WHAT YOU NEED TO DO: Your task is to repeat the lines below exactly, excluding any pictures they contain.
** Opening INFORMATION SUPPLIED block **
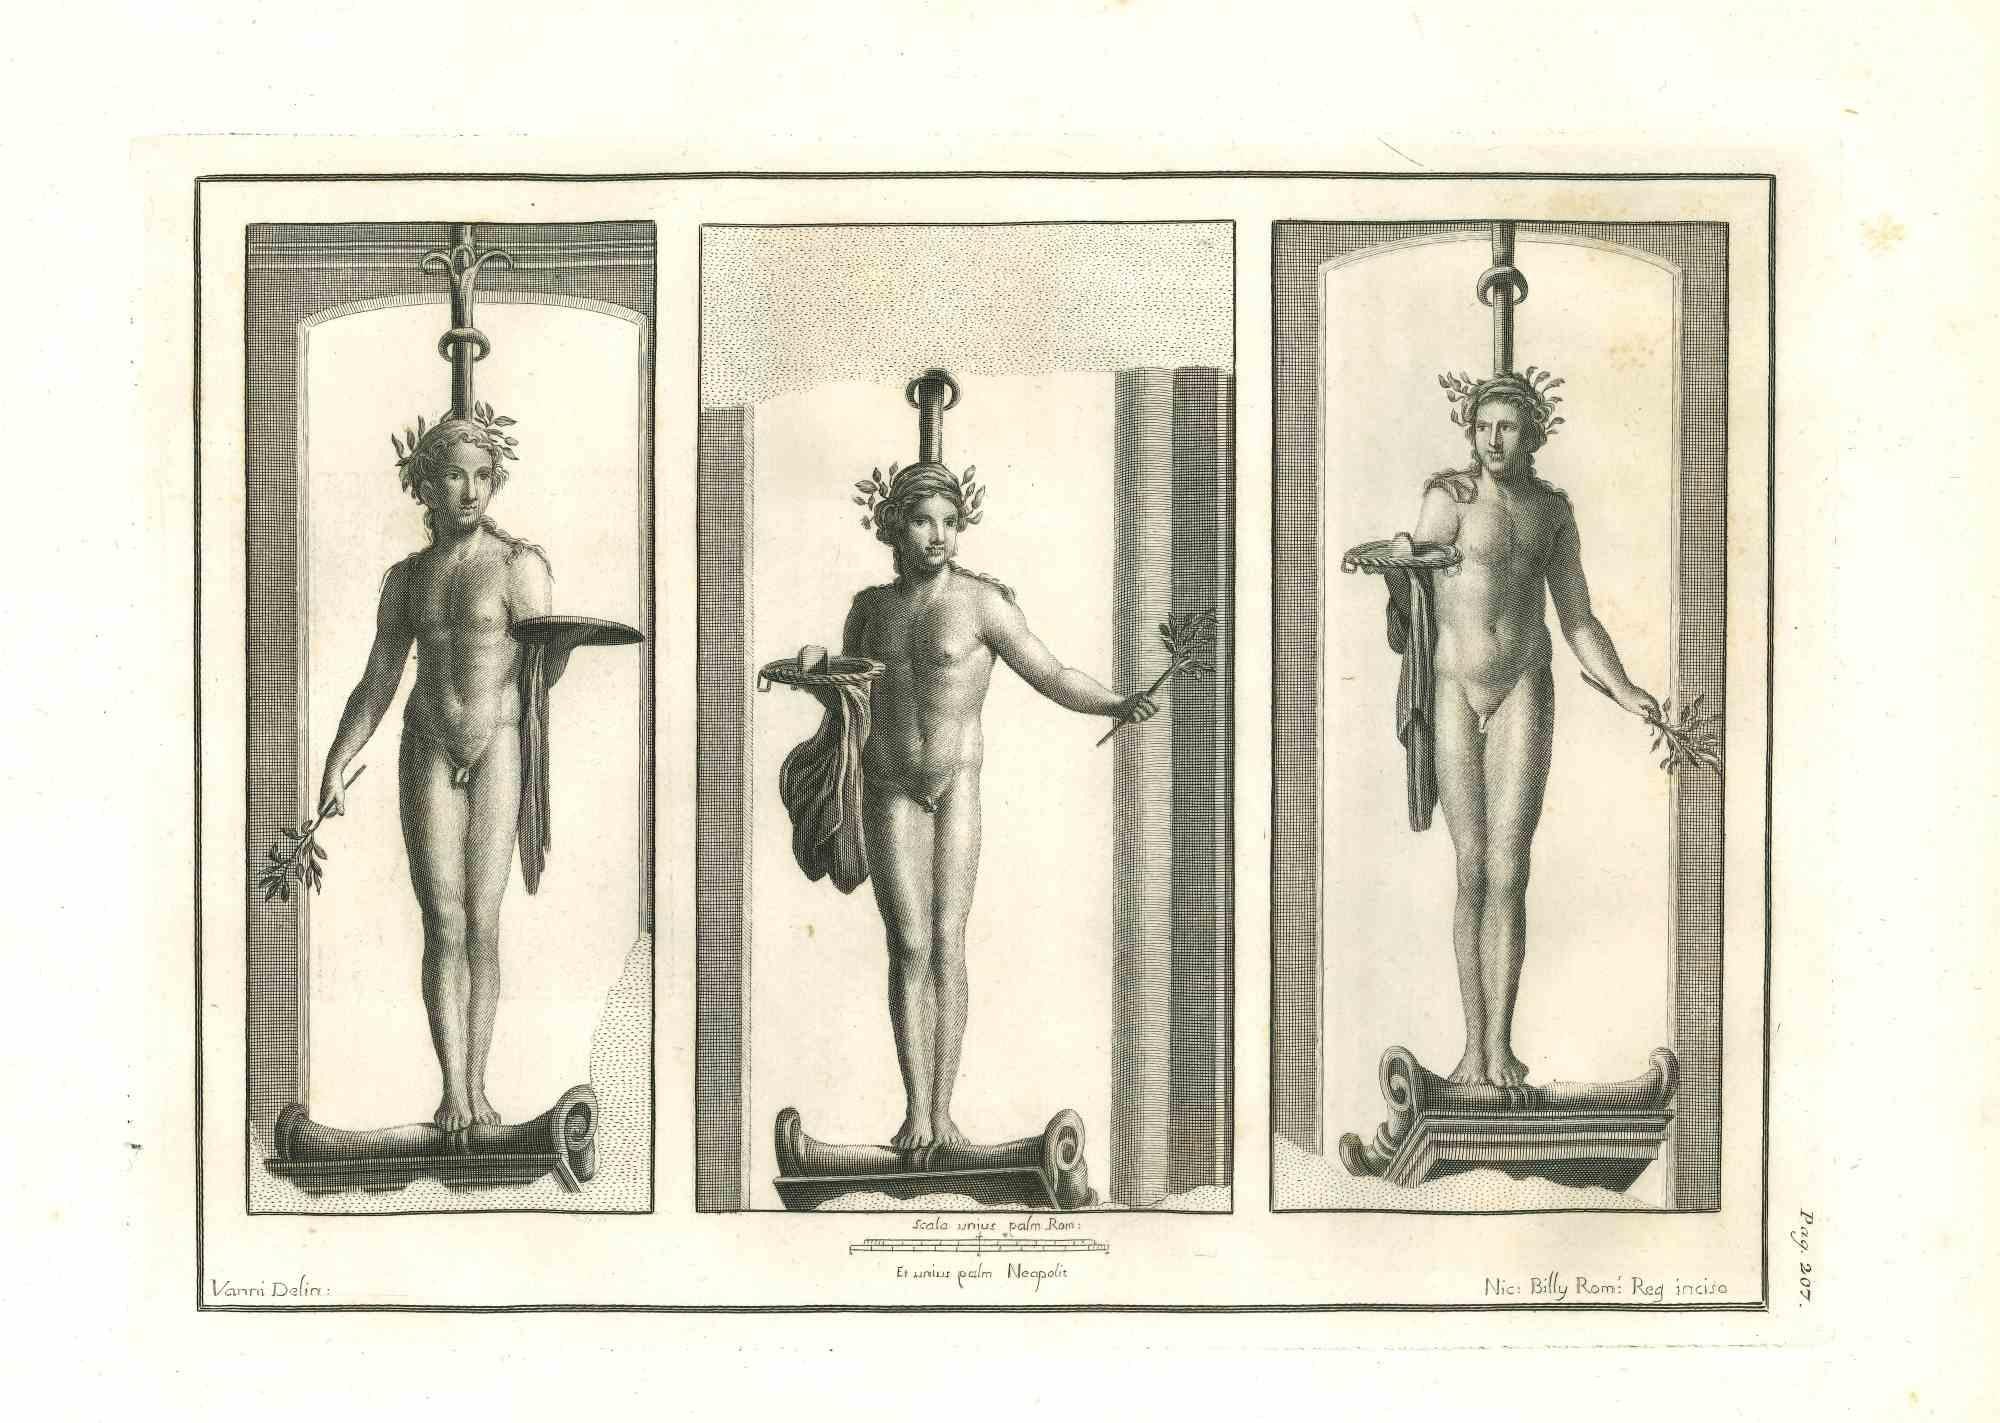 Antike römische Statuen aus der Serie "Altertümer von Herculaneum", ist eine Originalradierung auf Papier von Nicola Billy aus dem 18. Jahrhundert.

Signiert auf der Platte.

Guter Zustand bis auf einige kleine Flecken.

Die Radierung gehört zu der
** Closing INFORMATION SUPPLIED block **
SOLUTION:
 Antike römische Statuen aus der Serie "Altertümer von Herculaneum", ist eine Originalradierung auf Papier von Nicola Billy aus dem 18. Jahrhundert.

Signiert auf der Platte.

Guter Zustand bis auf einige kleine Flecken.

Die Radierung gehört zu der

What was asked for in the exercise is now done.